§ **Dataset excerpt**
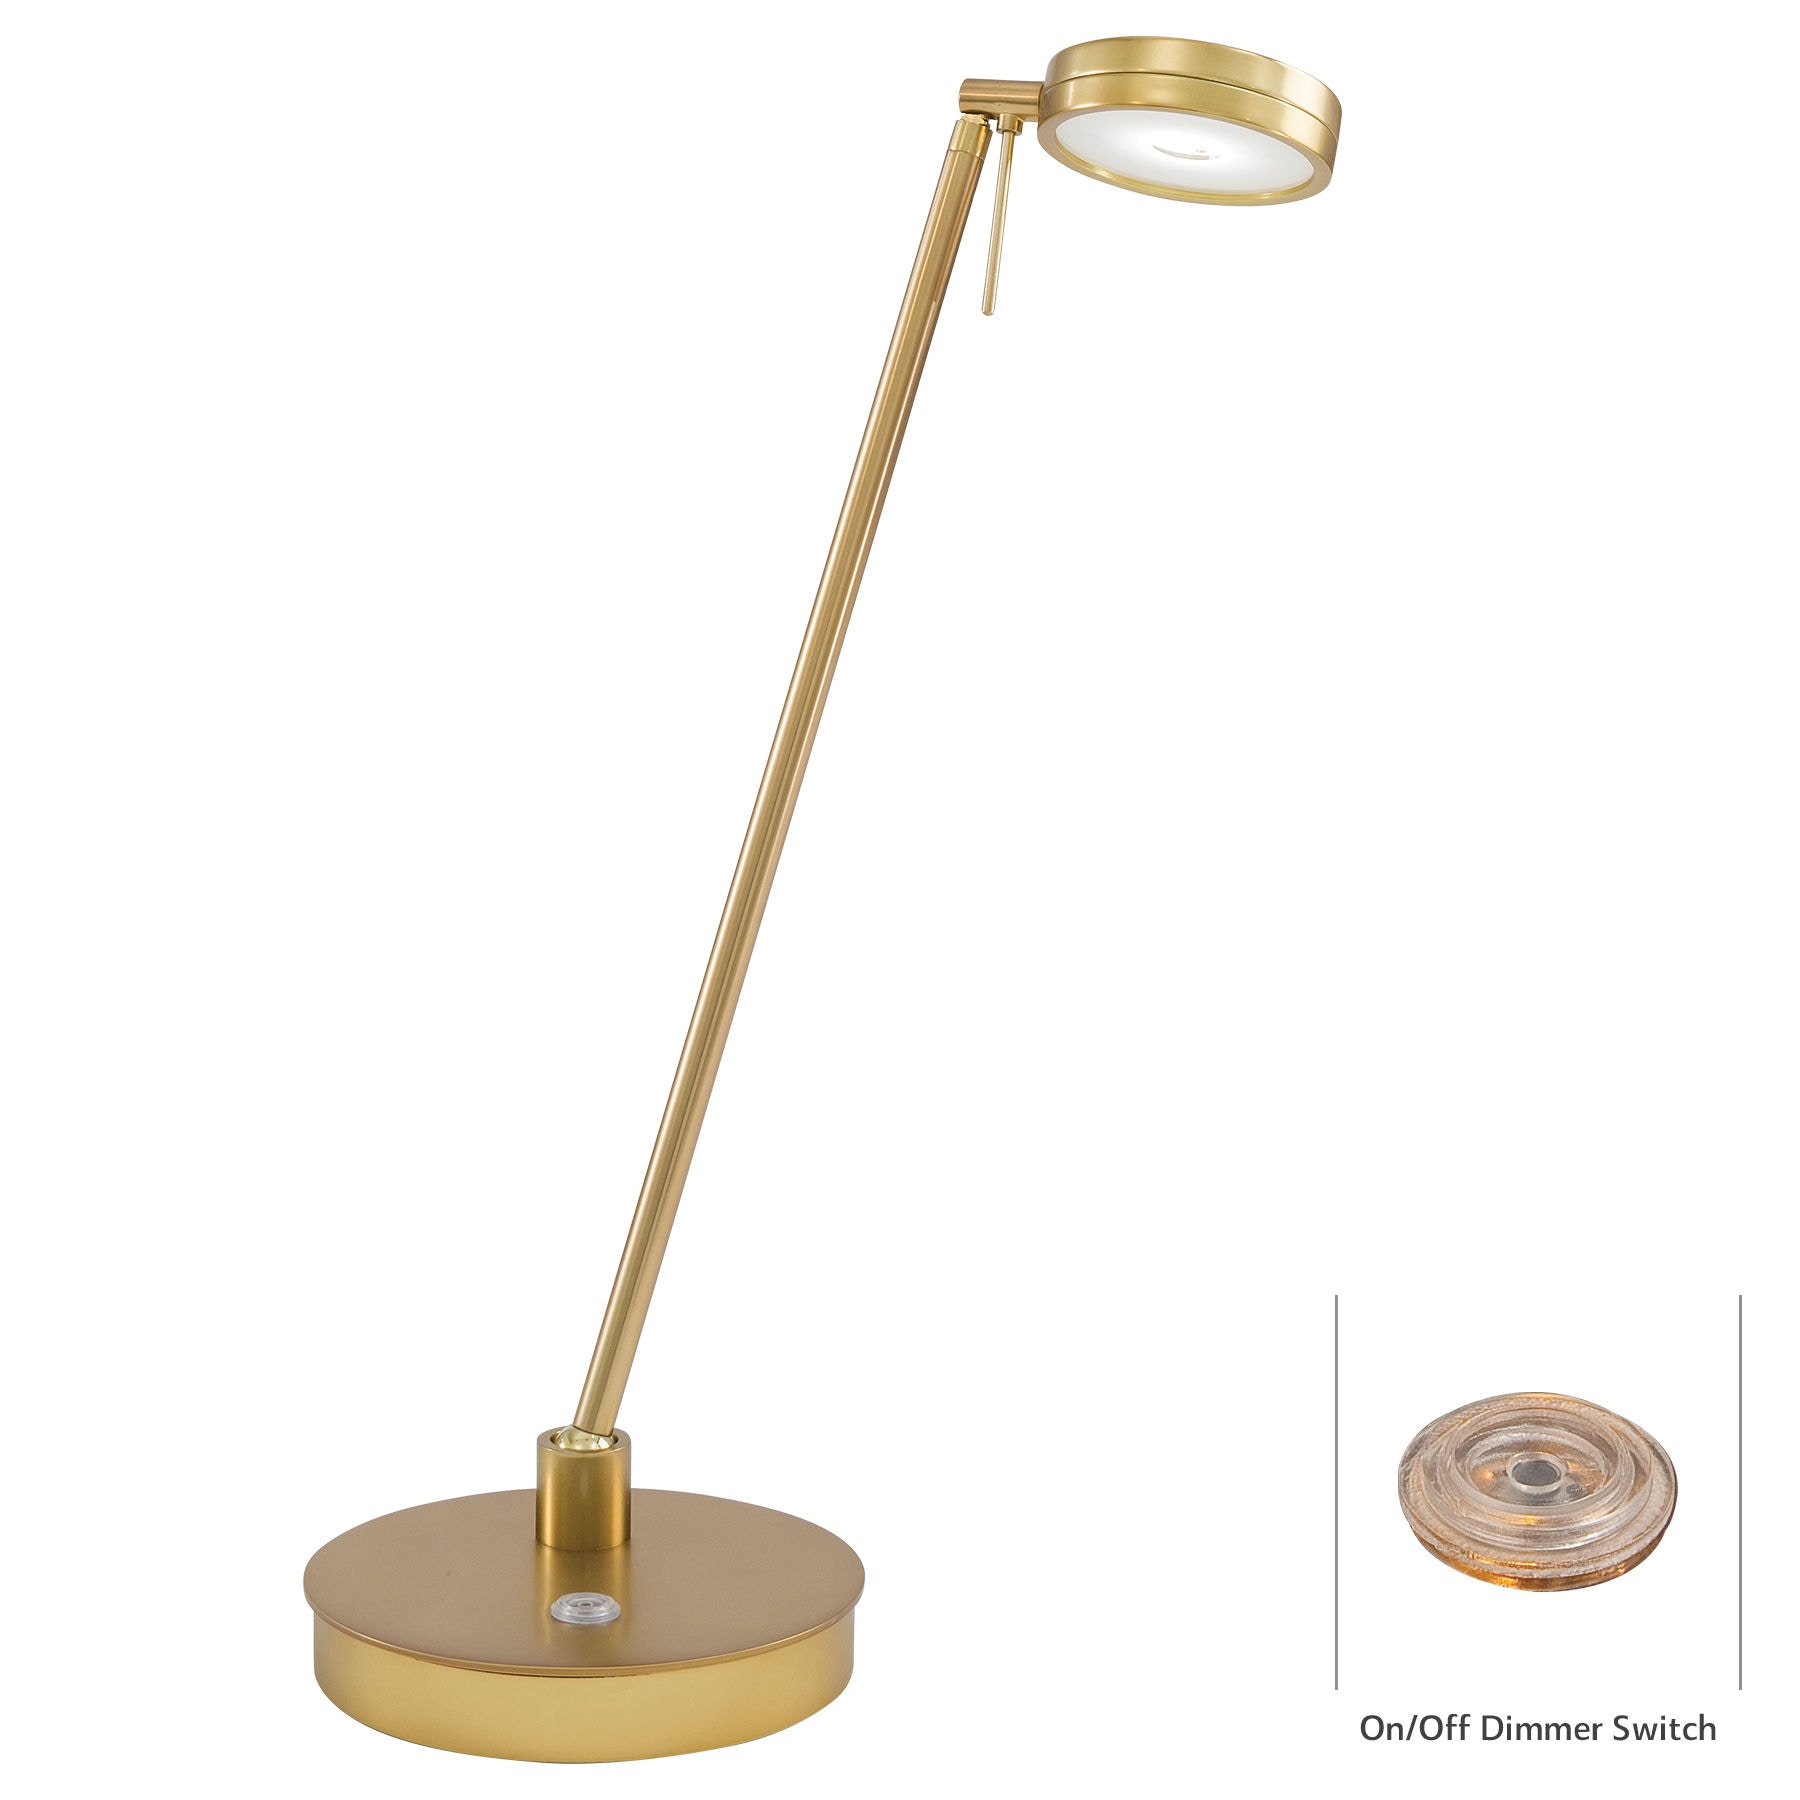 george home lamps
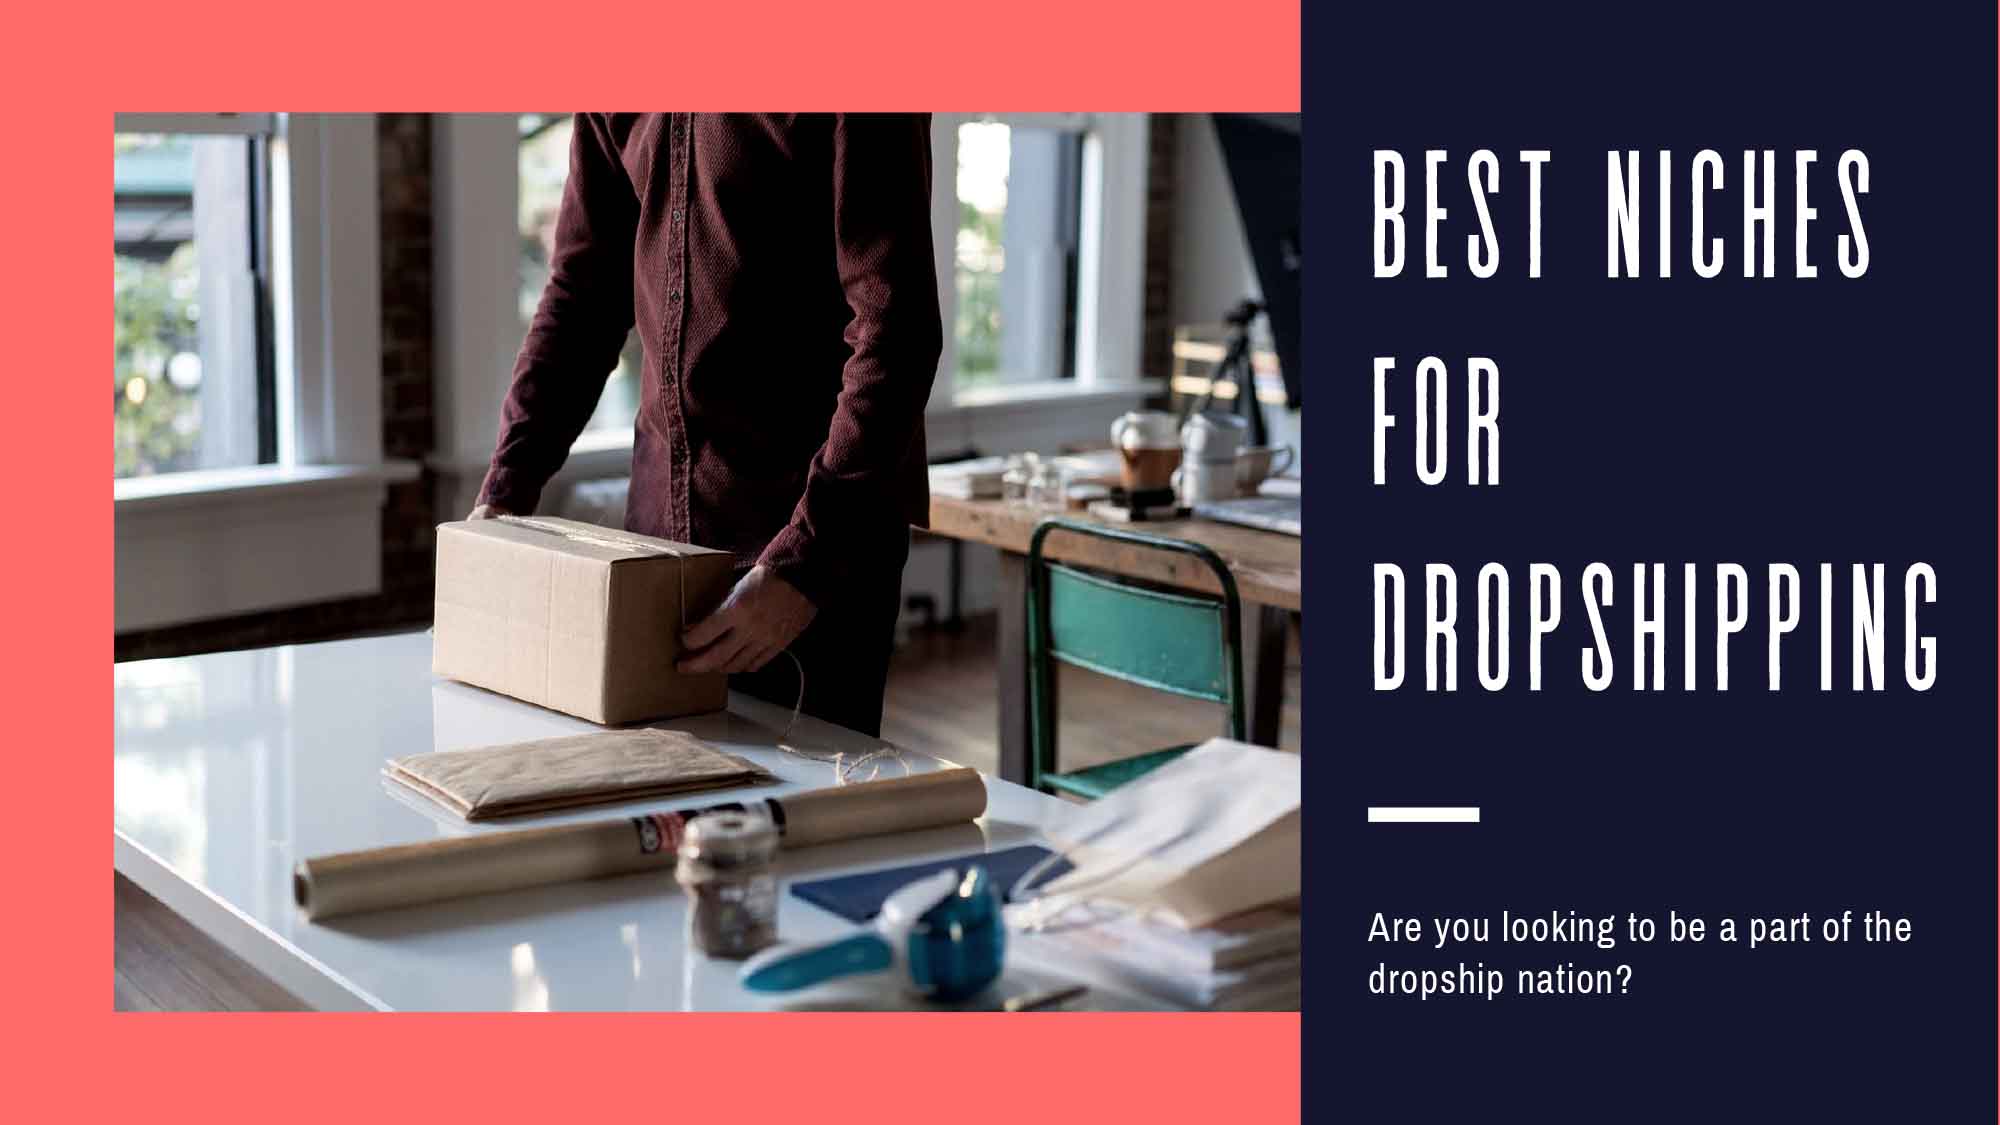 Best Niches For Dropshipping & How to The Best Dropshipping Ideas!
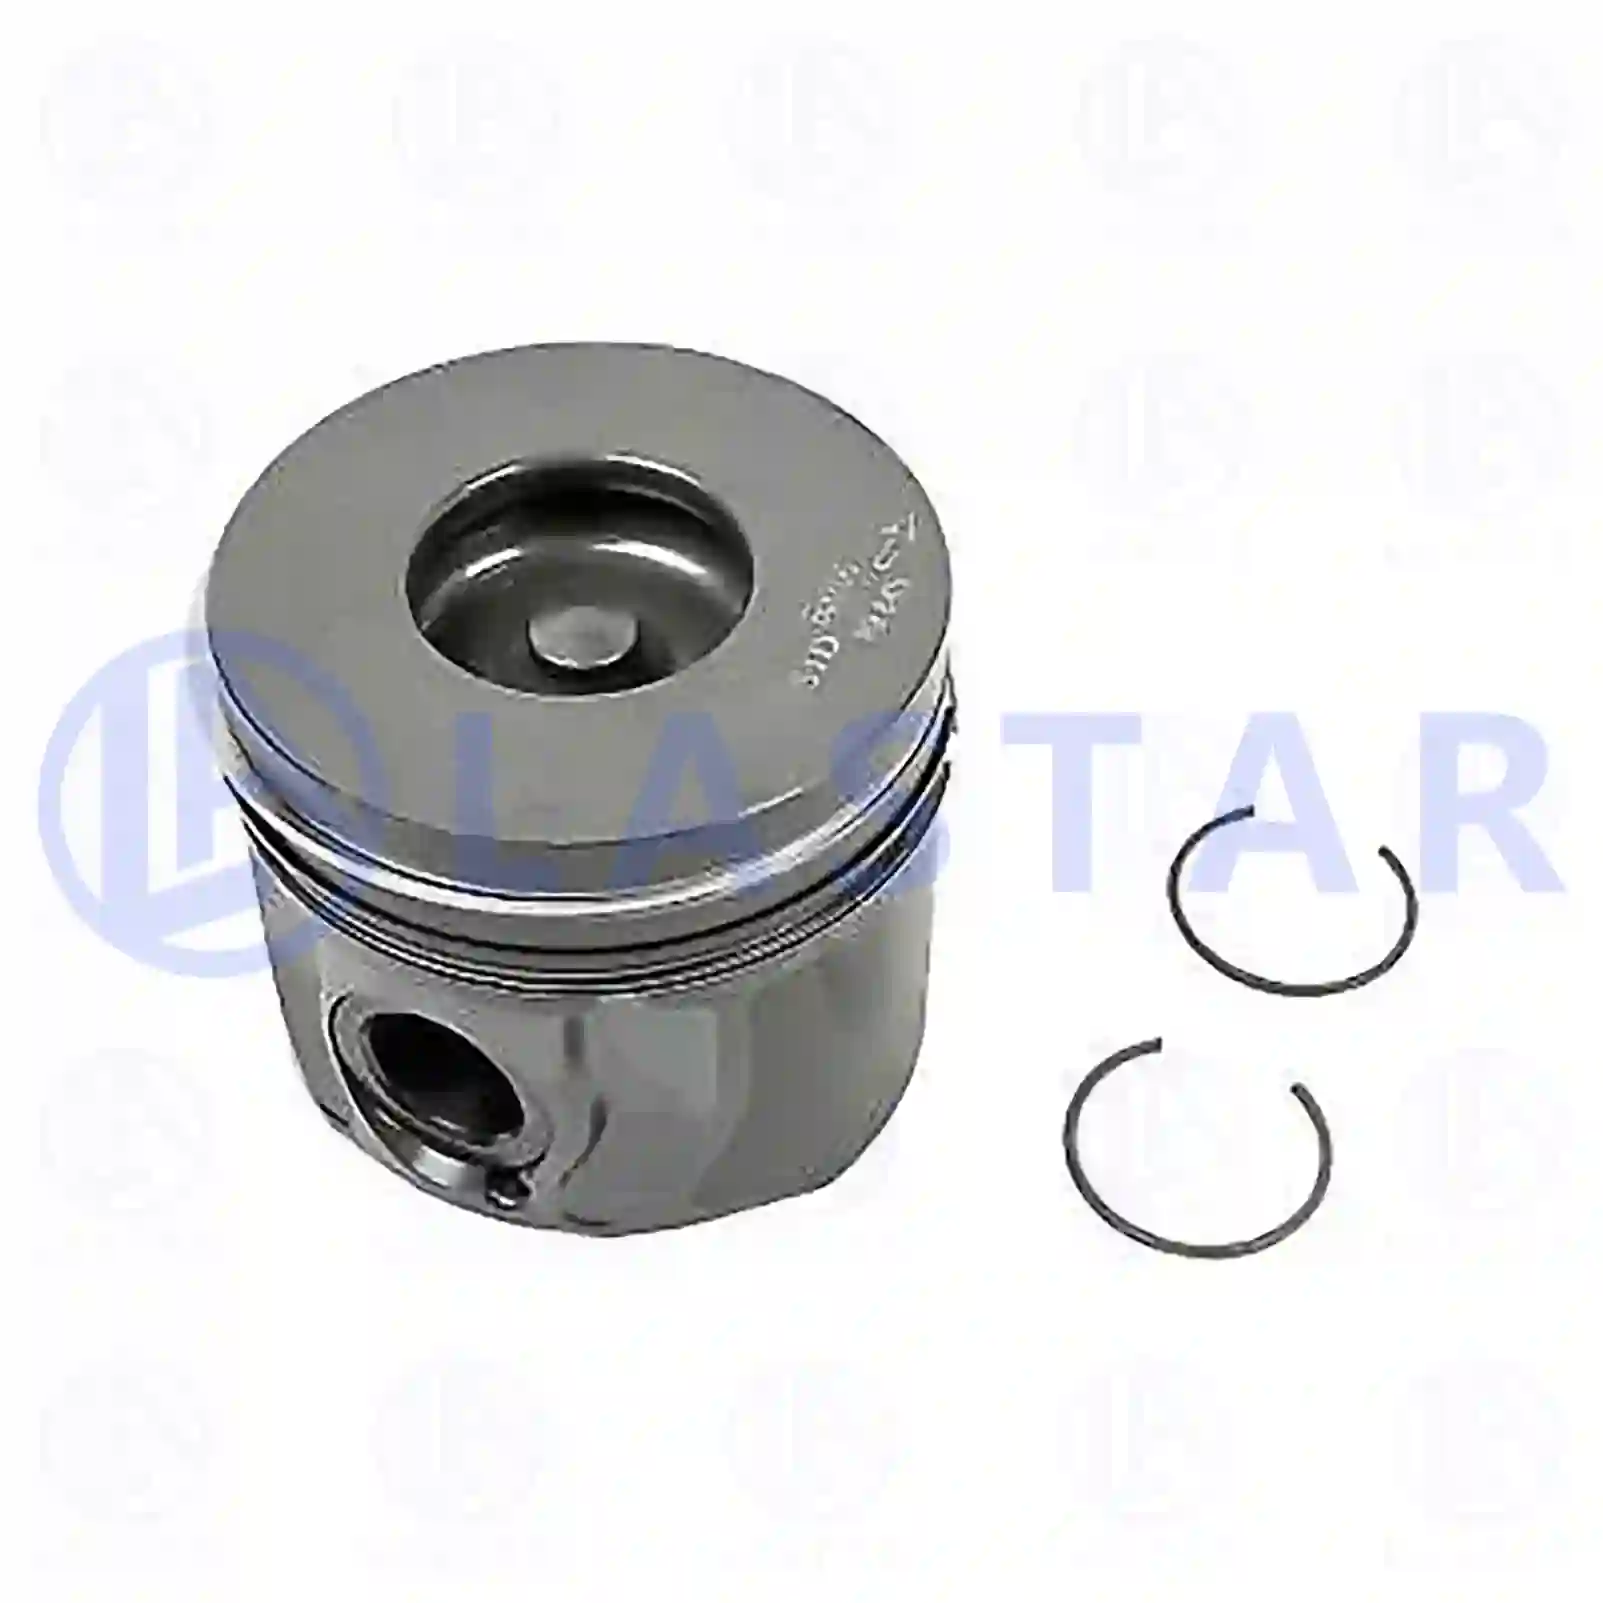 Piston, complete with rings, 77700676, 1369684, 1369689, 3C1Q-6K100-BAD, 3C1Q-6K100-BCD ||  77700676 Lastar Spare Part | Truck Spare Parts, Auotomotive Spare Parts Piston, complete with rings, 77700676, 1369684, 1369689, 3C1Q-6K100-BAD, 3C1Q-6K100-BCD ||  77700676 Lastar Spare Part | Truck Spare Parts, Auotomotive Spare Parts

§ **Your goal**
Needed here is a verbatim copy of the data from the first line through the line with "Best Niches For", without pictures.

§ **Task answer**
 george home lamps
 Best Niches For Dropshipping & How to The Best Dropshipping Ideas!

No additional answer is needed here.